The rise of connectionism shows that the computer metaphor does not provide the only view of information processing for cognitive psychology. However, replacing that metaphor with connectionism does not abandon the information processing hypothesis. Connectionists still treat cognition as information processing (Churchland et al., 1990). But they also believe that cognitive information processing differs from the information processing performed by computers. “These dissimilarities do not imply that brains are not computers, but only that brains are not serial digital computers” (Churchland et al., 1990, p. 48, their italics).
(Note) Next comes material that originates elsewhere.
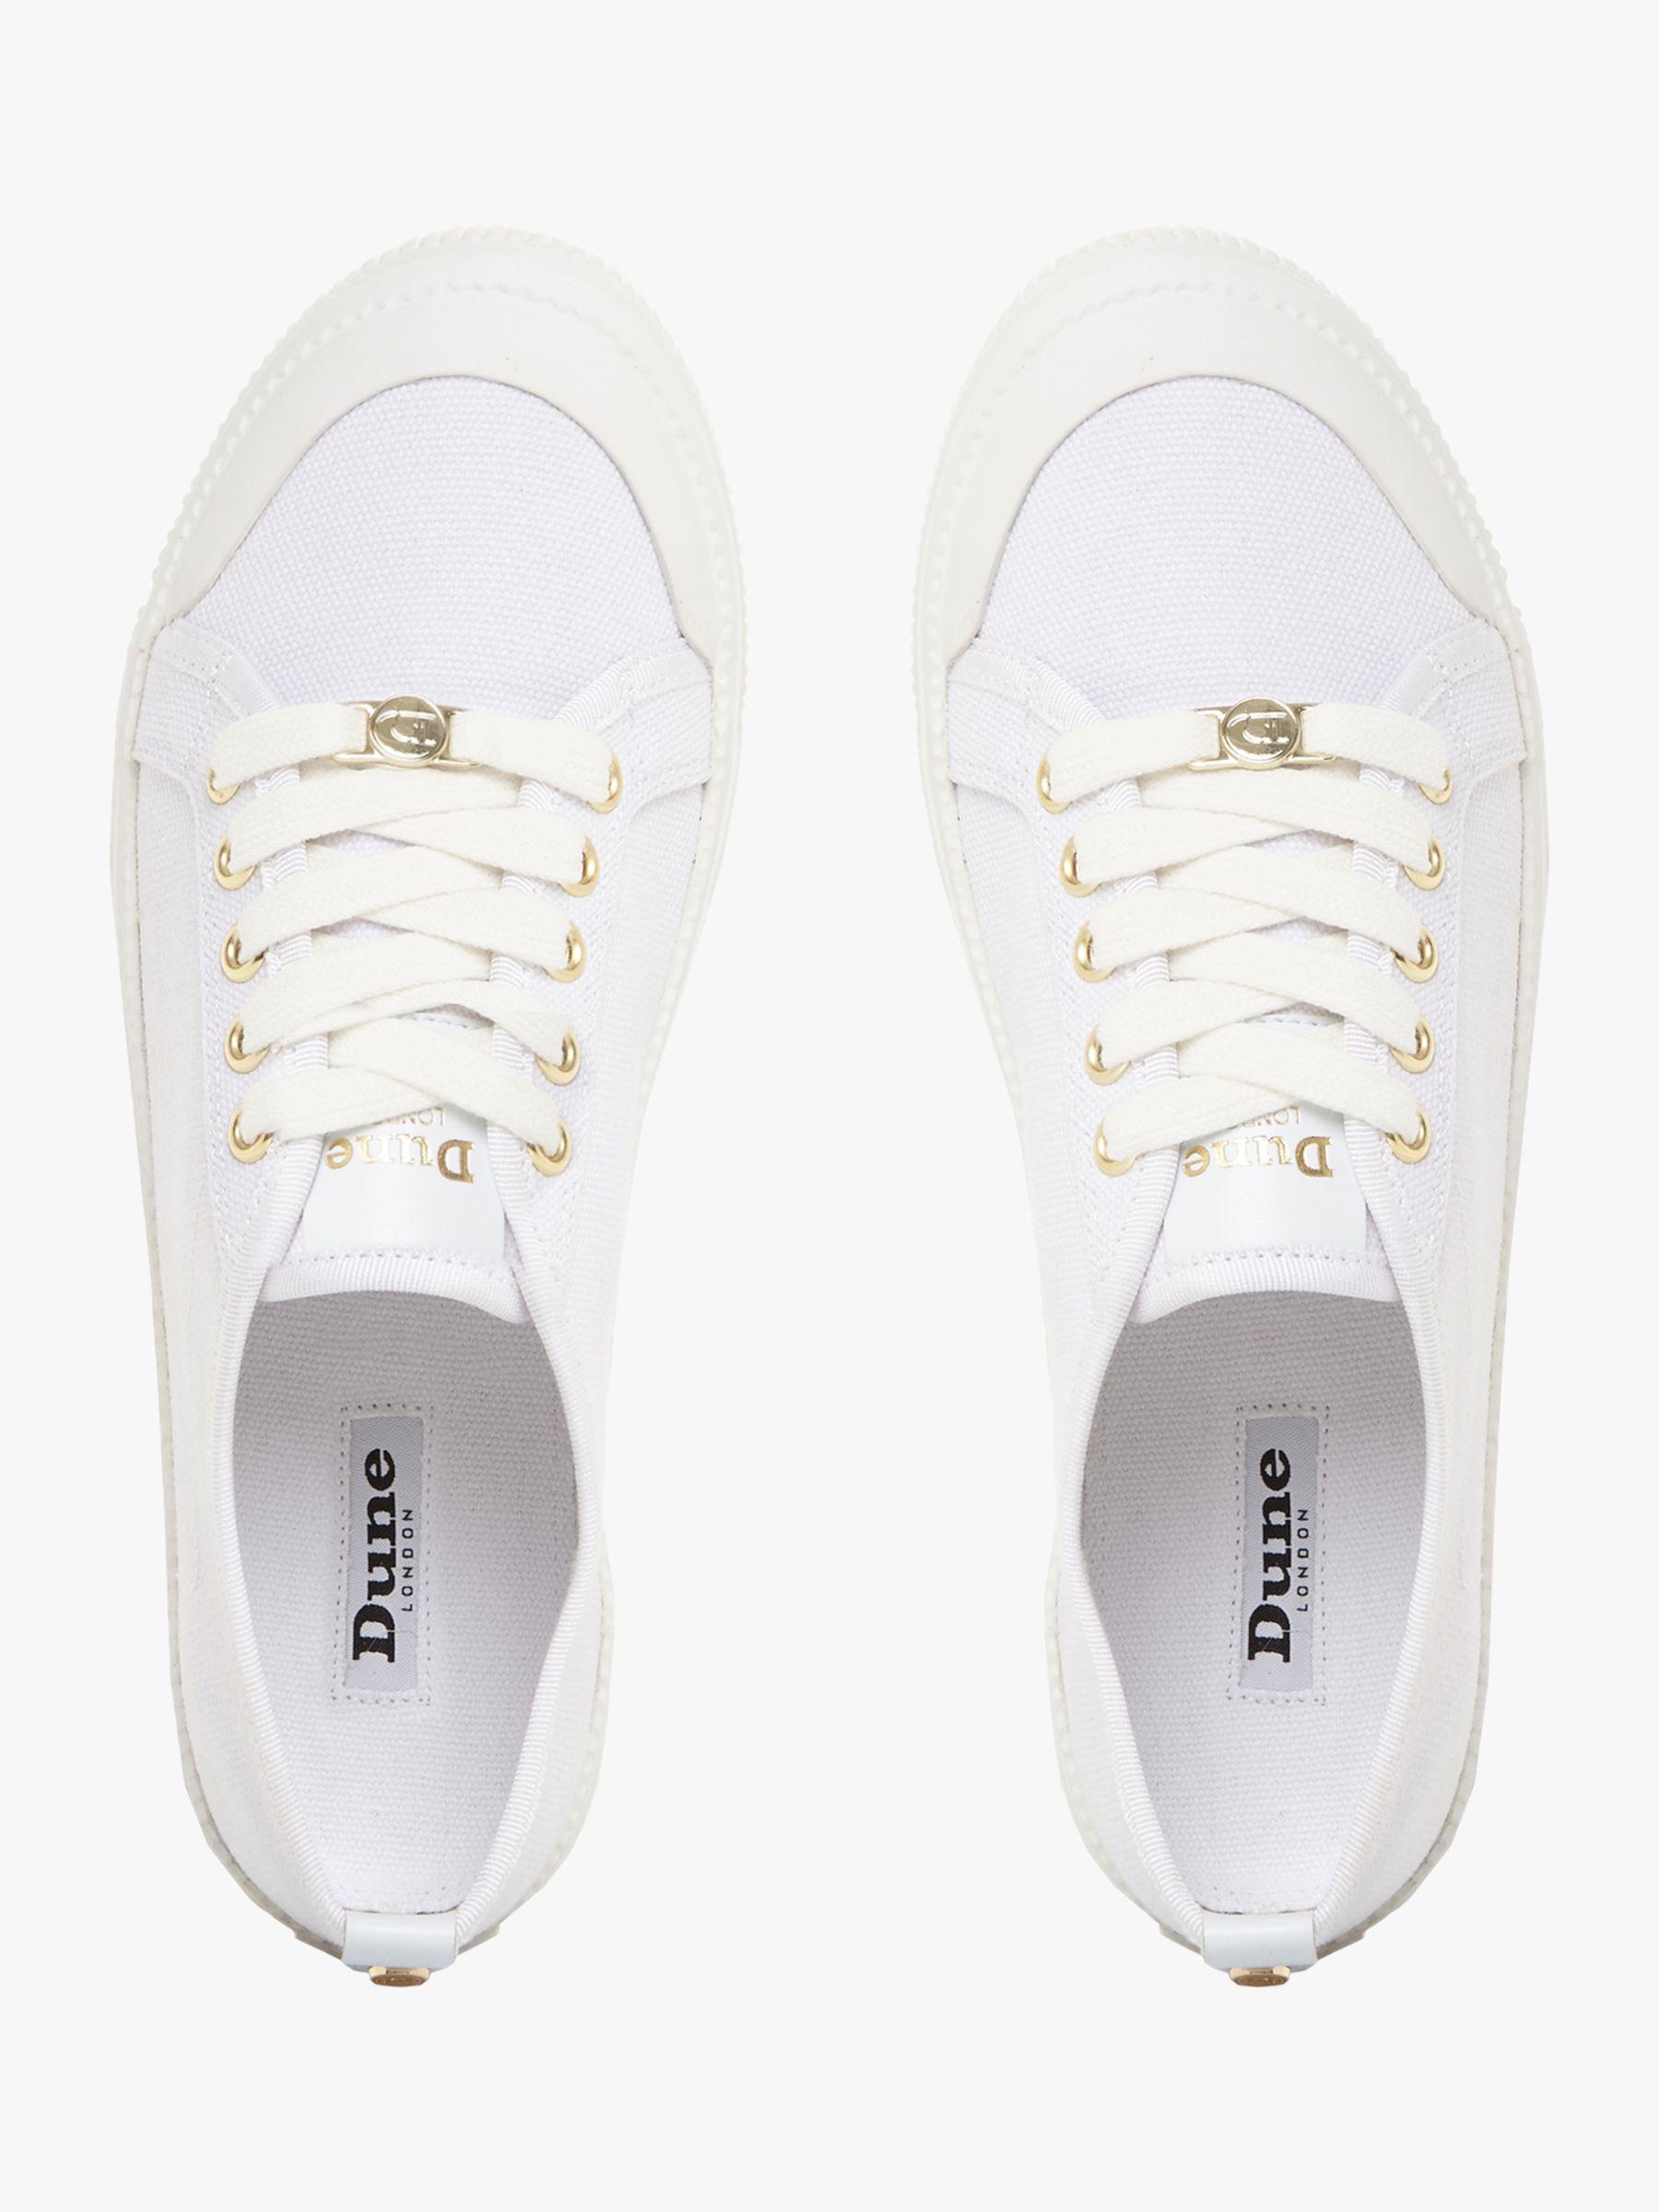 Dune Eswyn Lace Up Canvas Trainers in

How can we make sense of a discipline possessing two views that appeal to paradigmatically different notions of information processing? Computer metaphor models and connectionist networks do have many similarities (Dawson, 1998, 2013). Both perspectives agree that cognition is information processing but disagree about its basic information processing properties. Thus, the two views provide different proposals about the cognitive architecture.
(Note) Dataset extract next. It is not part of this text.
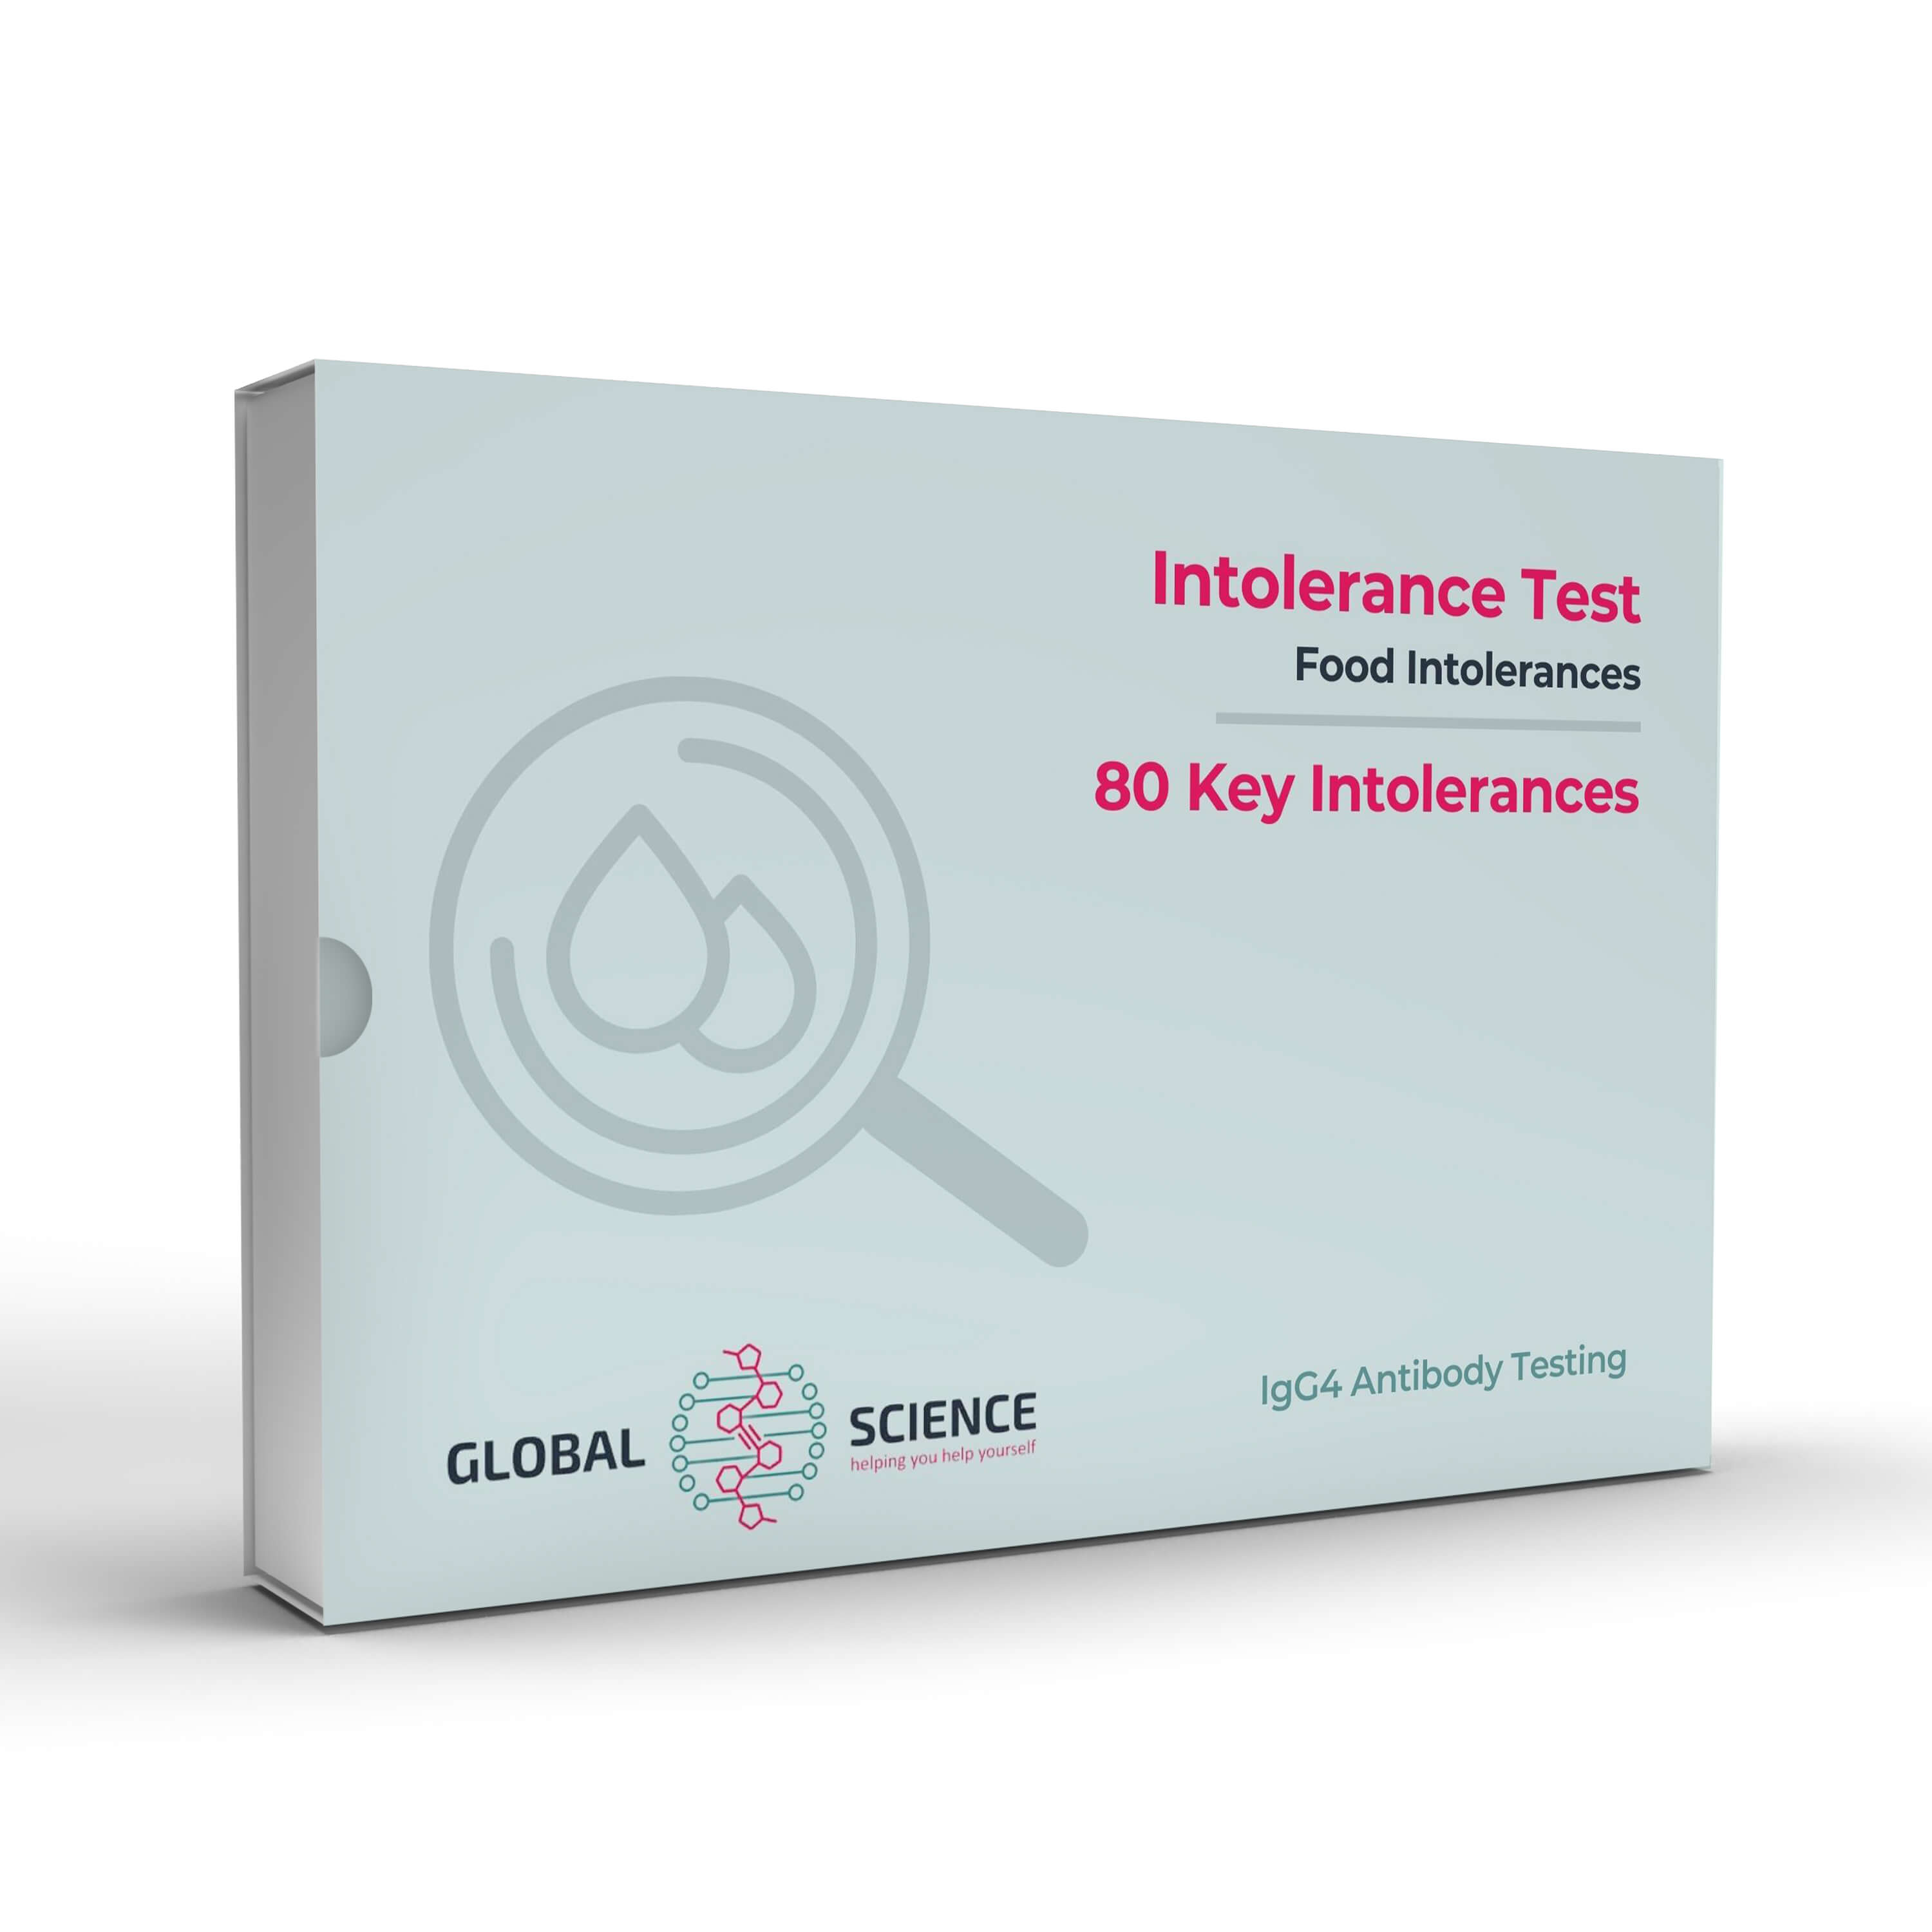 Intolerance 80 Kit Mock up - Allergy, Intolerance and Bioresonance Testing Labs

In the next section, I explore greater similarities between the two views of information processing than we might expect. I will examine the connectionist claim that cognition does not require the rule-governed manipulation of symbols, a claim surprisingly hard to defend.

5.3 Does Cognition Require Rules?

In Section 5.2, I considered the connectionist claim that human information processing differs from computer information processing. I described connectionism as exploring brain-like processing in which simple, neuron-like processors send signals to other processors. However, in challenging the computer metaphor, the connectionist revolution encouraged more focused reactions to traditional cognitive architectures. In Section 5.3, I explore one example, claiming that cognition not only is not rule-governed symbol manipulation but also requires neither rules nor symbols. I also note that connectionists often fail to use appropriate evidence—interpretations of network structures—to support cognitive theories with no rules or symbols. I end by showing that, when we collect appropriate evidence, we blur the differences between traditional and connectionist cognitive psychology.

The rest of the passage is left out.